◆ **Assigned task**: The material below contains a line with "DIY Garment Racks" and a line with "500 Women's Cycling". Copy exactly those two lines and all lines between them.

┄┄┄┄┄┄┄┄┄┄┄┄┄┄┄┄┄┄┄┄

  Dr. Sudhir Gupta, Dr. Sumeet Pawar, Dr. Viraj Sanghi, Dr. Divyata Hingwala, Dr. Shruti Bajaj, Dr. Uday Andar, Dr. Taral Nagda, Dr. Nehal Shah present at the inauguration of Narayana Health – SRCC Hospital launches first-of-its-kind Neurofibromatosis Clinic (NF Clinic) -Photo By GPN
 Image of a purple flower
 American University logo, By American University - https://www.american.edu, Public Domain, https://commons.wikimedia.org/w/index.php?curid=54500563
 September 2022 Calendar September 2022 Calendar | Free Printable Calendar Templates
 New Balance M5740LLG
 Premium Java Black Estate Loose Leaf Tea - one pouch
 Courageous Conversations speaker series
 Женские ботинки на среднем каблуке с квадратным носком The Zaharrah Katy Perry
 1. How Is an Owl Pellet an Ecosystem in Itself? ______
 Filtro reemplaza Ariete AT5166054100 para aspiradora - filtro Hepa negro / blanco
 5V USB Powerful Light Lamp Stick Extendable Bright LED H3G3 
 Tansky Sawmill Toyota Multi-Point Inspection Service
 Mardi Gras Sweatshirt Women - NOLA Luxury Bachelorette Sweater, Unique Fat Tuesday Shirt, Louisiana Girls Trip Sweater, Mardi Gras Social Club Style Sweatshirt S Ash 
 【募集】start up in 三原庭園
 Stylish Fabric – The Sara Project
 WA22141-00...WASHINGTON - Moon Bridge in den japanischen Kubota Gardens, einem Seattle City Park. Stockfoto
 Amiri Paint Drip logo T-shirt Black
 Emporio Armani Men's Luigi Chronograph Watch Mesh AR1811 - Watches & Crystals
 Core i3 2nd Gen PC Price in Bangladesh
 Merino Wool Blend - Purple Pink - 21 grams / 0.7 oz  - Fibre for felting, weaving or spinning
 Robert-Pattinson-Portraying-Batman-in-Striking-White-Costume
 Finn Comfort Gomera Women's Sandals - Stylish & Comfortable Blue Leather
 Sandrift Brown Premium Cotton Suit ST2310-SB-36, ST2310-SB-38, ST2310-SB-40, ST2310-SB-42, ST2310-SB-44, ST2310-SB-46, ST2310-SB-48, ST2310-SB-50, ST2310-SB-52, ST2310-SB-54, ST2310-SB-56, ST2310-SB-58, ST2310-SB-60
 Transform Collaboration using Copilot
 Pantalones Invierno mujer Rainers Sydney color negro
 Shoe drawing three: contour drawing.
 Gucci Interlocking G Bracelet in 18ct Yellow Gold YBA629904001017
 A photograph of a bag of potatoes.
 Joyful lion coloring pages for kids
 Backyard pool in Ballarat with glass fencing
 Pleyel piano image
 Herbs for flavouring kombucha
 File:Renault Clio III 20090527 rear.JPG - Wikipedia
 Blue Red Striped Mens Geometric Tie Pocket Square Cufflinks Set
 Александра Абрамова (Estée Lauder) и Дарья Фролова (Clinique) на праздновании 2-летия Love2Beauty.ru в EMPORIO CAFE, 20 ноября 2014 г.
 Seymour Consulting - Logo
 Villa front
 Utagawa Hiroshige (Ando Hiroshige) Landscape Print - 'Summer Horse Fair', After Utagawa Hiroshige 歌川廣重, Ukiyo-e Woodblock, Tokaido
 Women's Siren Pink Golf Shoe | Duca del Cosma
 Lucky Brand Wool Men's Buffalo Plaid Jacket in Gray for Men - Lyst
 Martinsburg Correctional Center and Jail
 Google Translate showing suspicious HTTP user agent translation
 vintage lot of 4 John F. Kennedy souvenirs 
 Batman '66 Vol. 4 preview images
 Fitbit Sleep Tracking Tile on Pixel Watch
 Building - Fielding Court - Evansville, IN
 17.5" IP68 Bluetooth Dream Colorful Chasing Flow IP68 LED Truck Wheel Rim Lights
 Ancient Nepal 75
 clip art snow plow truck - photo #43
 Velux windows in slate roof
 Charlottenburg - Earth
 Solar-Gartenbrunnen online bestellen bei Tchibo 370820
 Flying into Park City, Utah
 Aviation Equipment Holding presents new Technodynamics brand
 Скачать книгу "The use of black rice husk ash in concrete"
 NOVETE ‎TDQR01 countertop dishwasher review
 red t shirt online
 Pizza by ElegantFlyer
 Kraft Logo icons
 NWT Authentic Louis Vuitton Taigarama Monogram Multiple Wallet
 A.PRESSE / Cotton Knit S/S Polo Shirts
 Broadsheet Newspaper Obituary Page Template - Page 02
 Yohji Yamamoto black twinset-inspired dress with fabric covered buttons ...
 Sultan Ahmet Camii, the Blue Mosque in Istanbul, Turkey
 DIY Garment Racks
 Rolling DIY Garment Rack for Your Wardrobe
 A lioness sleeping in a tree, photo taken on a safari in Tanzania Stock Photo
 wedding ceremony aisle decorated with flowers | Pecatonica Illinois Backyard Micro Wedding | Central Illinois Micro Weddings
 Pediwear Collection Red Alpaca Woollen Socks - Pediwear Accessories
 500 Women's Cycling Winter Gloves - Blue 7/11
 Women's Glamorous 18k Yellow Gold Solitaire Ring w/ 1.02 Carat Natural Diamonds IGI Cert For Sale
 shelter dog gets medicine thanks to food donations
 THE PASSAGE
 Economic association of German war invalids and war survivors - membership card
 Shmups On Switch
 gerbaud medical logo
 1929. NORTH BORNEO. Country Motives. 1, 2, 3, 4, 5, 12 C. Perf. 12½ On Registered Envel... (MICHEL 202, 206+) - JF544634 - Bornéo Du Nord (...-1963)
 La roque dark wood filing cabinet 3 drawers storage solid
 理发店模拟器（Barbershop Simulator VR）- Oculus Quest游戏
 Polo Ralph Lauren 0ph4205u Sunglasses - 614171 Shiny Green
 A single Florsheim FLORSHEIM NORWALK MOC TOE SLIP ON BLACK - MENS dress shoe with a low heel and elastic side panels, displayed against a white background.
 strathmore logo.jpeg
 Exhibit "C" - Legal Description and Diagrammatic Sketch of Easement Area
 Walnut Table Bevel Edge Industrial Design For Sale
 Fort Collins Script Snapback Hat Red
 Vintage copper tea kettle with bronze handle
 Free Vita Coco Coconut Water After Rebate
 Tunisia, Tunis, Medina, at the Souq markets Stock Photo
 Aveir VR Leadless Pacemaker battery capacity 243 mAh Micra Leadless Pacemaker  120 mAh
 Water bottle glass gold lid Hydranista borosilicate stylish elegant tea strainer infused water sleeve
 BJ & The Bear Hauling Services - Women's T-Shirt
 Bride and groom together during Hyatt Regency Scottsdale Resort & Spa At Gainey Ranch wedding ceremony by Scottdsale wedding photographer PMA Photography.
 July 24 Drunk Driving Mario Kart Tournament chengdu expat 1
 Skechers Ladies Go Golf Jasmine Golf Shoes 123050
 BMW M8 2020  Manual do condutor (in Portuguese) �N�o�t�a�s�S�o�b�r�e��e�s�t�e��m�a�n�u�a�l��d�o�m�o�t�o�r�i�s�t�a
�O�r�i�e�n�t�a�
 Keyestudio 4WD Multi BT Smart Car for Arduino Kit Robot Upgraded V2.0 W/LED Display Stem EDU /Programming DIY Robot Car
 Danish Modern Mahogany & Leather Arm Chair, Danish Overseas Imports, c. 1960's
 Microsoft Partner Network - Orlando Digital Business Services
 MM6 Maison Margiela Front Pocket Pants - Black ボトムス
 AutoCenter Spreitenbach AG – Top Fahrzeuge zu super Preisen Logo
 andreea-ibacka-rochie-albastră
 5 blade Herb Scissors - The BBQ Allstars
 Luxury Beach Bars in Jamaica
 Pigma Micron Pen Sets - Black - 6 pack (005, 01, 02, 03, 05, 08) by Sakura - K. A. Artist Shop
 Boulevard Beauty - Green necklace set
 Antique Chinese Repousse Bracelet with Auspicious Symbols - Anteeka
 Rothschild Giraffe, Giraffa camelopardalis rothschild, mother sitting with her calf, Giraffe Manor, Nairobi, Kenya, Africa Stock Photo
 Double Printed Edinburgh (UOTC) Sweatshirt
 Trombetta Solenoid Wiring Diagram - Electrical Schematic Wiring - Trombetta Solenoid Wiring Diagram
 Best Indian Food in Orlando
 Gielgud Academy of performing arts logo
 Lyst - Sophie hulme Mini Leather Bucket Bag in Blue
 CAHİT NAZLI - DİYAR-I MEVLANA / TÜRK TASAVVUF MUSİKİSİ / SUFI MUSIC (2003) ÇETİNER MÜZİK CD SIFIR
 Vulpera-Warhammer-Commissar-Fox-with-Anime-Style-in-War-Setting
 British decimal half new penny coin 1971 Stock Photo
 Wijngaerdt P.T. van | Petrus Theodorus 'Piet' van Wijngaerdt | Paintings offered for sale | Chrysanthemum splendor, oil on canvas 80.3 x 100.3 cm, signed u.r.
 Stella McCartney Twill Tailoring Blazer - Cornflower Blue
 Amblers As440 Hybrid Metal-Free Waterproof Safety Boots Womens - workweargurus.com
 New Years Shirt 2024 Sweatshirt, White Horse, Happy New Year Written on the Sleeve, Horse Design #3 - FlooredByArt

┄┄┄┄┄┄┄┄┄┄┄┄┄┄┄┄┄┄┄┄

◆ **Task response**:
 DIY Garment Racks
 Rolling DIY Garment Rack for Your Wardrobe
 A lioness sleeping in a tree, photo taken on a safari in Tanzania Stock Photo
 wedding ceremony aisle decorated with flowers | Pecatonica Illinois Backyard Micro Wedding | Central Illinois Micro Weddings
 Pediwear Collection Red Alpaca Woollen Socks - Pediwear Accessories
 500 Women's Cycling Winter Gloves - Blue 7/11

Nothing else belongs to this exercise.